A few comments regarding the mcmc.py script: 

Some of the variables in the code are not named in accordance with the paper (see below):
- gtheta = sigma 
- kalpha = alpha 
- obs_var = gamma 
- mirrored Gaussian = reflected Gaussian

In the paper we update parameters by evaluating $g_s(x_s; \theta)$ in the code we refer to this as "logrhorilde" and not g_s. 

In [4]:
with open (f'{outpath}.sh', 'w') as rsh:
    rsh.write(f'''#!/bin/bash
read seed
              
screen -md -S {outpath} python mcmc.py -N {n_iter} -l {lambd} -dt {dt} -datapath {outpath}/simdata -tau_sigma {tau_sigma} -tau_alpha {tau_alpha} -palpha {prior_alpha[0]} {round(prior_alpha[1]-prior_alpha[0],2)} -psigma {prior_sigma[0]} {round(prior_sigma[1]-prior_sigma[0],2)} -ov {gamma} -super_root {x_s} -o {outpath}/runs -ds $seed
screen -md -S {outpath} python mcmc.py -N {n_iter} -l {lambd} -dt {dt} -datapath {outpath}/simdata -tau_sigma {tau_sigma} -tau_alpha {tau_alpha} -palpha {prior_alpha[0]} {round(prior_alpha[1]-prior_alpha[0],2)} -psigma {prior_sigma[0]} {round(prior_sigma[1]-prior_sigma[0],2)} -ov {gamma} -super_root {x_s} -o {outpath}/runs -ds $seed
screen -md -S {outpath} python mcmc.py -N {n_iter} -l {lambd} -dt {dt} -datapath {outpath}/simdata -tau_sigma {tau_sigma} -tau_alpha {tau_alpha} -palpha {prior_alpha[0]} {round(prior_alpha[1]-prior_alpha[0],2)} -psigma {prior_sigma[0]} {round(prior_sigma[1]-prior_sigma[0],2)} -ov {gamma} -super_root {x_s} -o {outpath}/runs -ds $seed

'''
    )

We runs the bash script generated above from the commandline. 

##### 3. Assess convergence and plot convergence diagnostics

We first convergence by running the diagnostics.py plot.
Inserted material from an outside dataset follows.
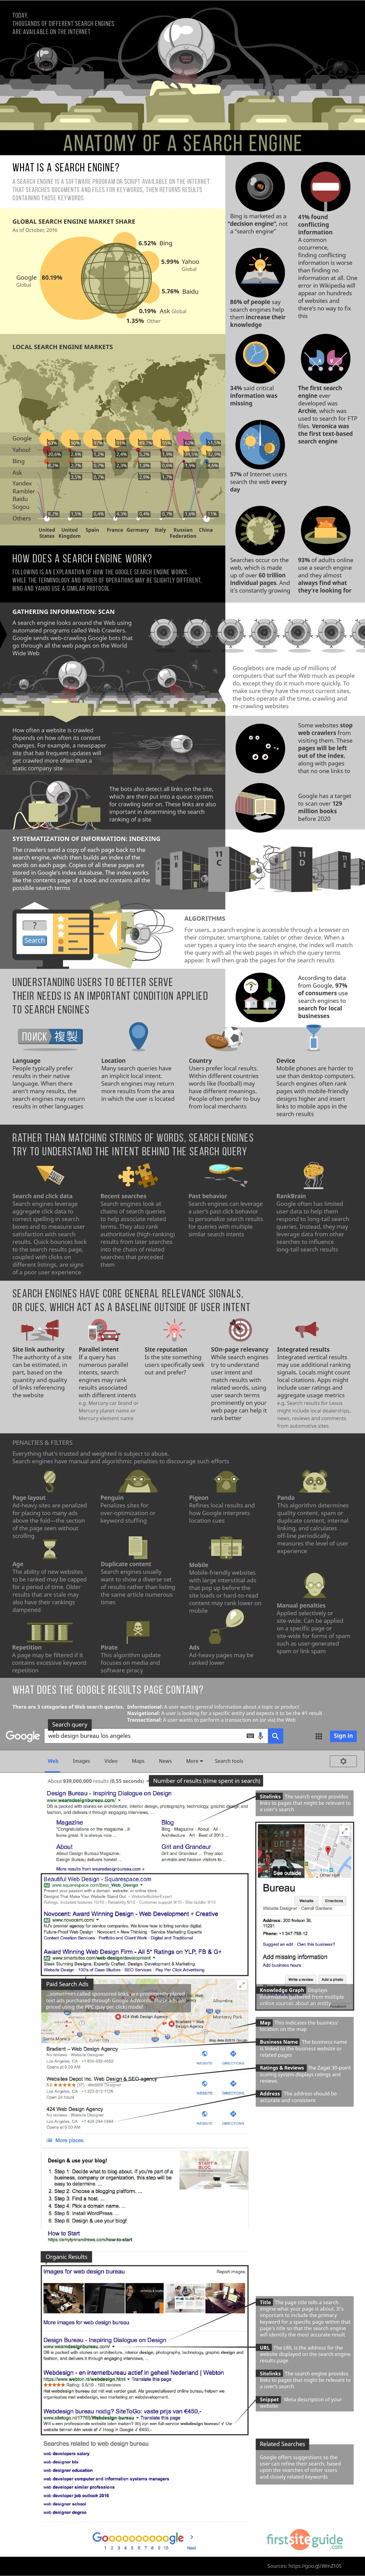 Anatomy of a Search Engine - #Infographic

After that all convergence diagnostics in one plot using the notebook 2-root-experiment/diagnostics_all_exp.ipynb. 

In [None]:
#! ls _root-experiment/runs | while read seed; do python diagnostics.py -folder_runs _root-experiment/runs/$seed -folder_simdata _root-experiment/simdata/$seed -MCMC_iter 100 -burnin 10 -nnodes 9 -simtree data/chazot_subtree.nw; done 

We plot a summary of the convergence diagnostics by running the script in the folder "2-root-experiment" named "diagnostis_all_exp.ipynb". 

##### 5. Compute mean squared error

We compute the mean squared error between mean, phylogenetic mean, posterior mean, posterior mode and posterior median by running the notebook 4.2-root-experiment/roots-estimation.ipynb.